You will eventually come to the broad estuary of the Lambre River which offers great views over the Rias de Betanzos and the surrounding wetlands.
Your overnight stop in Betanzos has some of the most interesting architecture in Galicia.

4th day: BETANZOS - HOSPITAL DE BRUMAS (24 km - 6h - difficulty 3/3)
Breakfast and start of the stage. The coast is now left behind and walkers head inland across farmlands.
Most of the day is spent walking uphill.
You can use a transfer to miss out some kilometres at the end of the stage to reach your accommodation (7 km off)

5th day: HOSPITAL DE BRUMAS - MARANTES (SIGÜEIRO) (26 km - 5h15 - difficulty 1/3)
Breakfast and start of the stage. Today’s walk takes in some of the greenest landscapes in Spain. Though be warned, these landscapes are so green because it rains a lot outside of the summer months, so rainwear is recommended.
Your walk down into the delightful town of Marantes brings the penultimate stage of the Camino Inglés.

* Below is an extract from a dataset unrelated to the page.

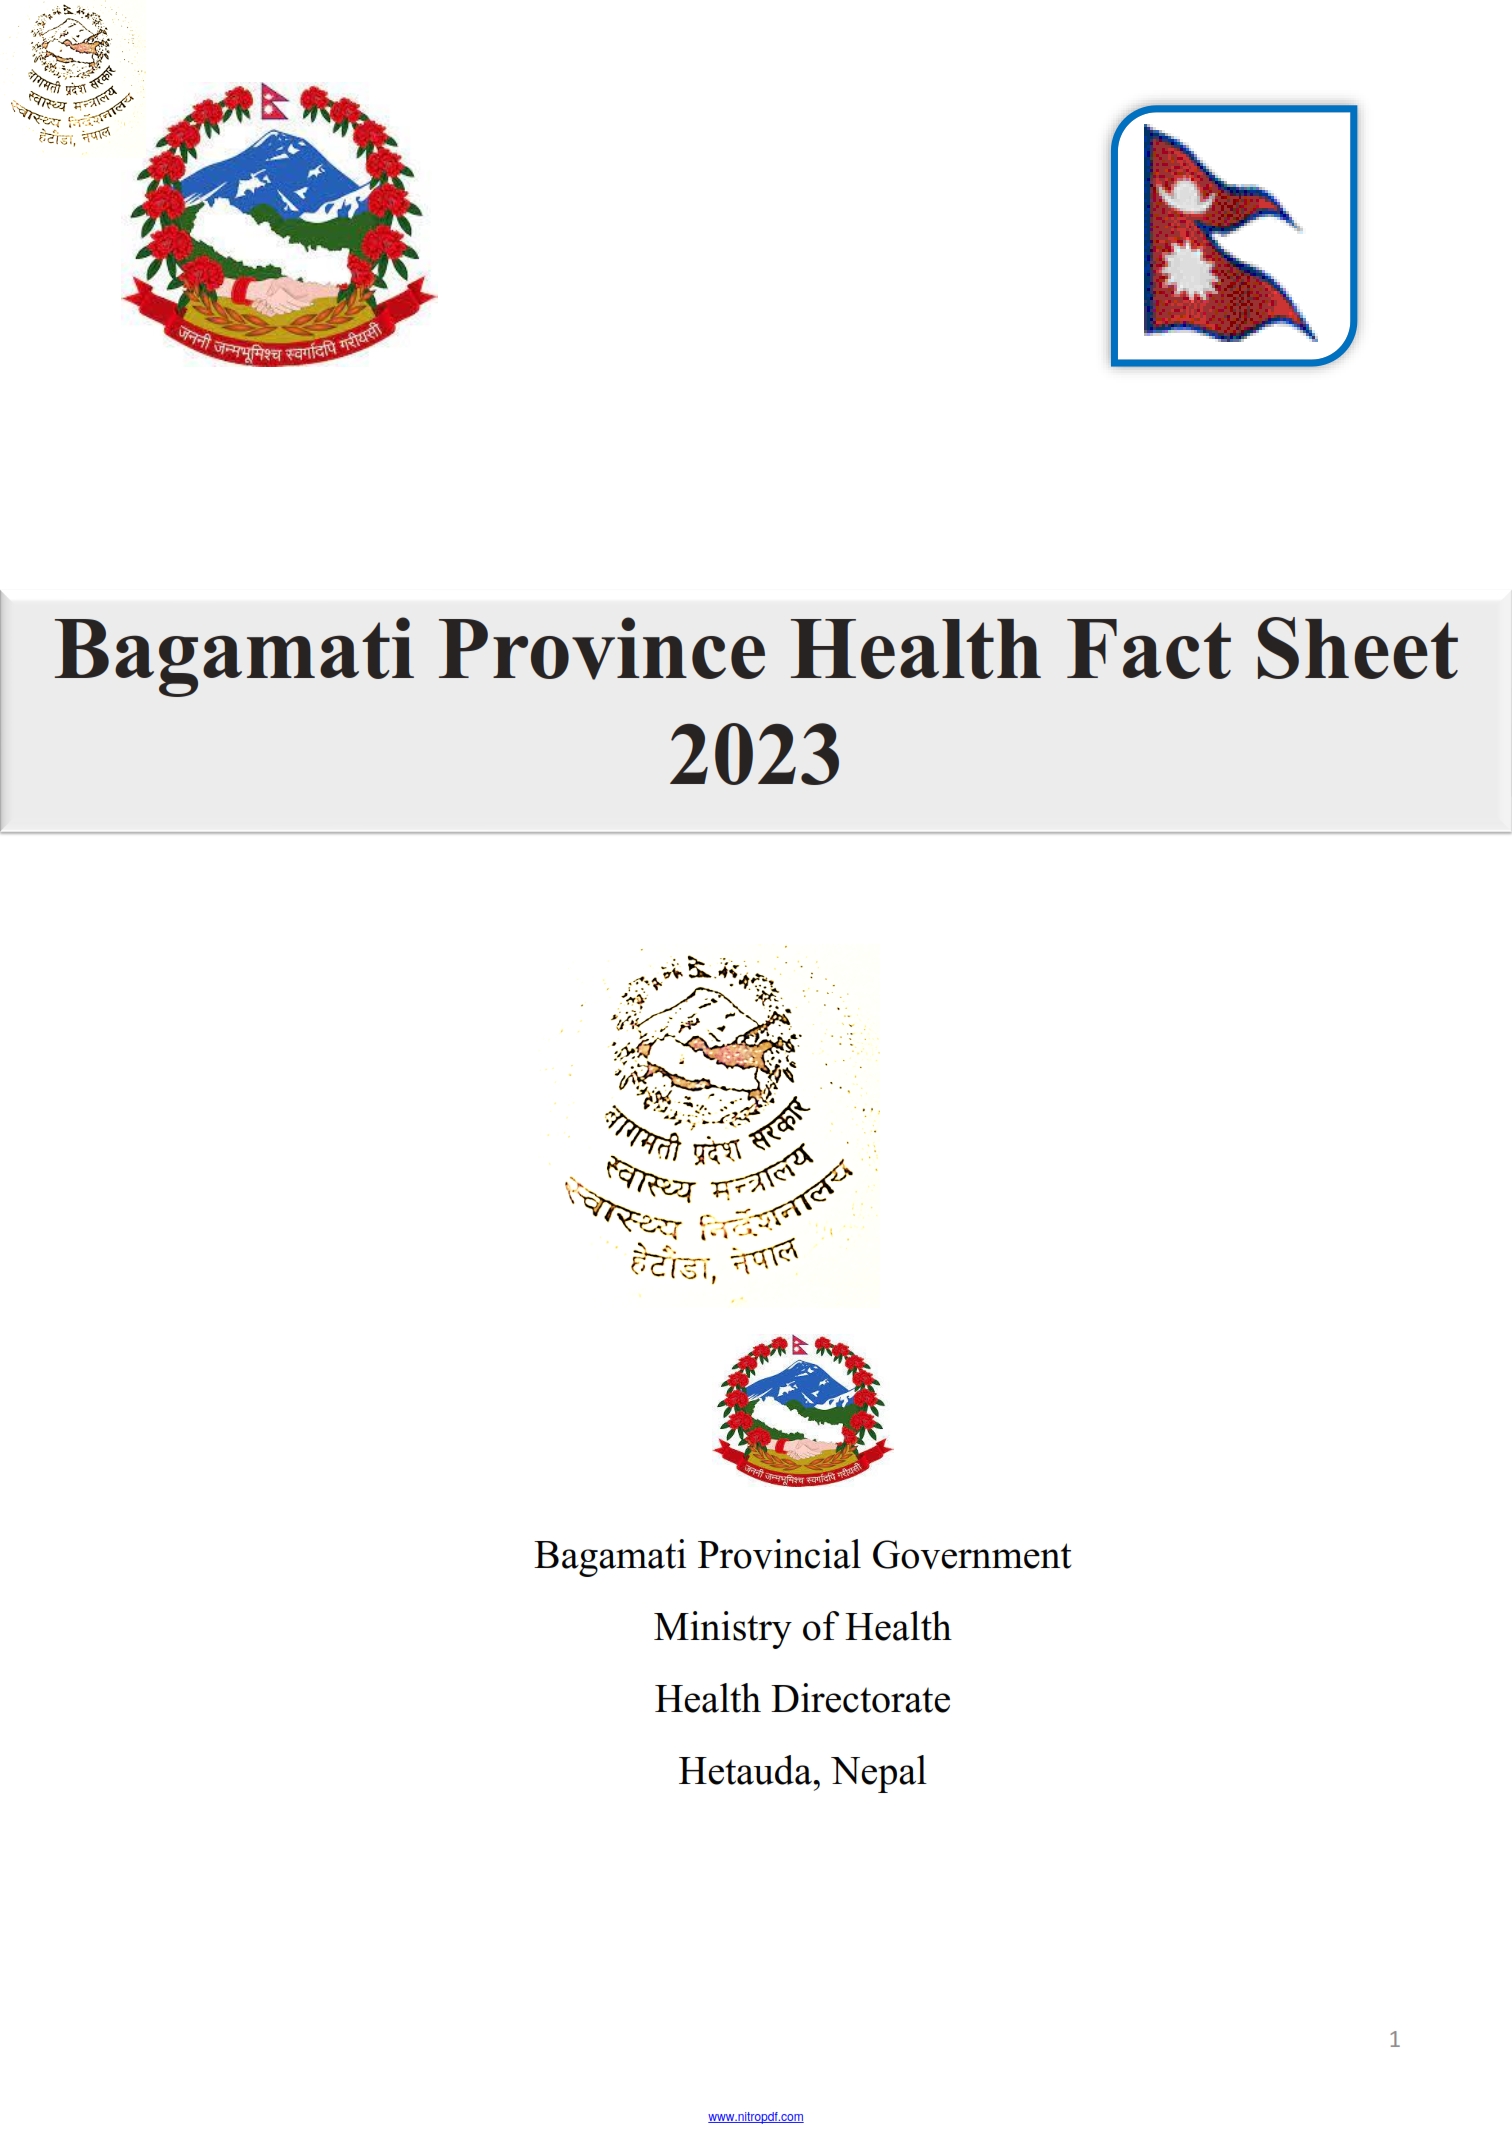 FACT SHEET OF BAGAMATI PROVINCE FISCAL YEAR 2079/80
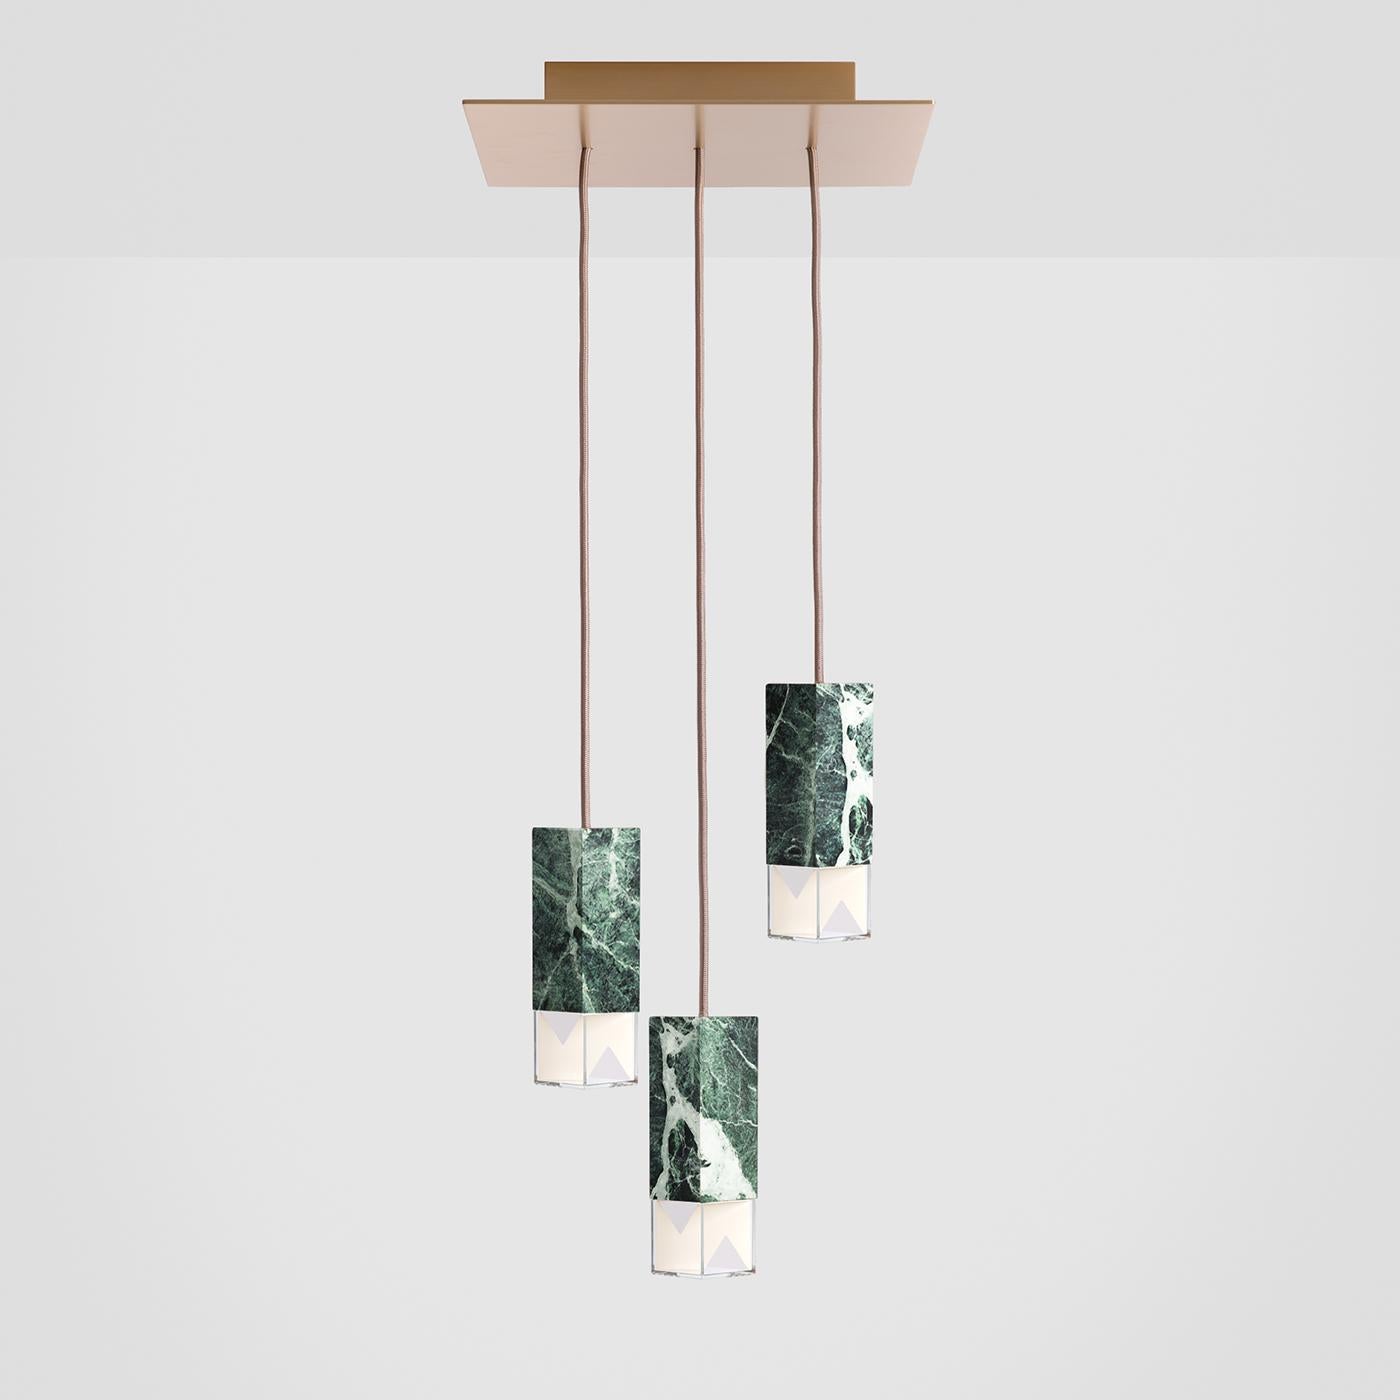 Part of Formaminima “Colour Edition”, in this superb 3-Light chandelier the Green Alpes marble plays the main role. Its distinctive character comes from the heart of Western Alpes at 1.800m of altitude, in Val D’Aosta region. The dramatic contrasts

6th day: MARANTES (SIGÜEIRO) -SANTIAGO DE CMPOSTELA (12 km - 4h - difficulty 1/3)
Breakfast and start of the stage. Your first port of call on leaving Marantes will be the town of Siguero. From here you will cross the river into the municipality of Santiago.
You will soon reach Meixonfrio, an old pilgrim resting point, before reaching the pre-Roman hill fort, where pilgrims traditionally leave a pebble. This makes for a fitting gesture before you continue on to the glorious city of Santiago where your walk will come to an end in the shadow of the grand Cathedral.
Your arrival will be a triumphant one: standing in front of the huge Cathedral in Santiago, admiring its mythical Romanesque portal (Portico de la Gloria) and touching the image of Saint James on the main altar is an experience you will never forget

If you plan to go to the daily pilgrim mass in the Cathedral at 12 o’clock, we suggest you go early (at least 45 minutes beforehand).
Later, you can go to the Pilgrims Office to pick up your “Compostela”, the official document that certifies you as a pilgrim who has completed the Way of Saint James.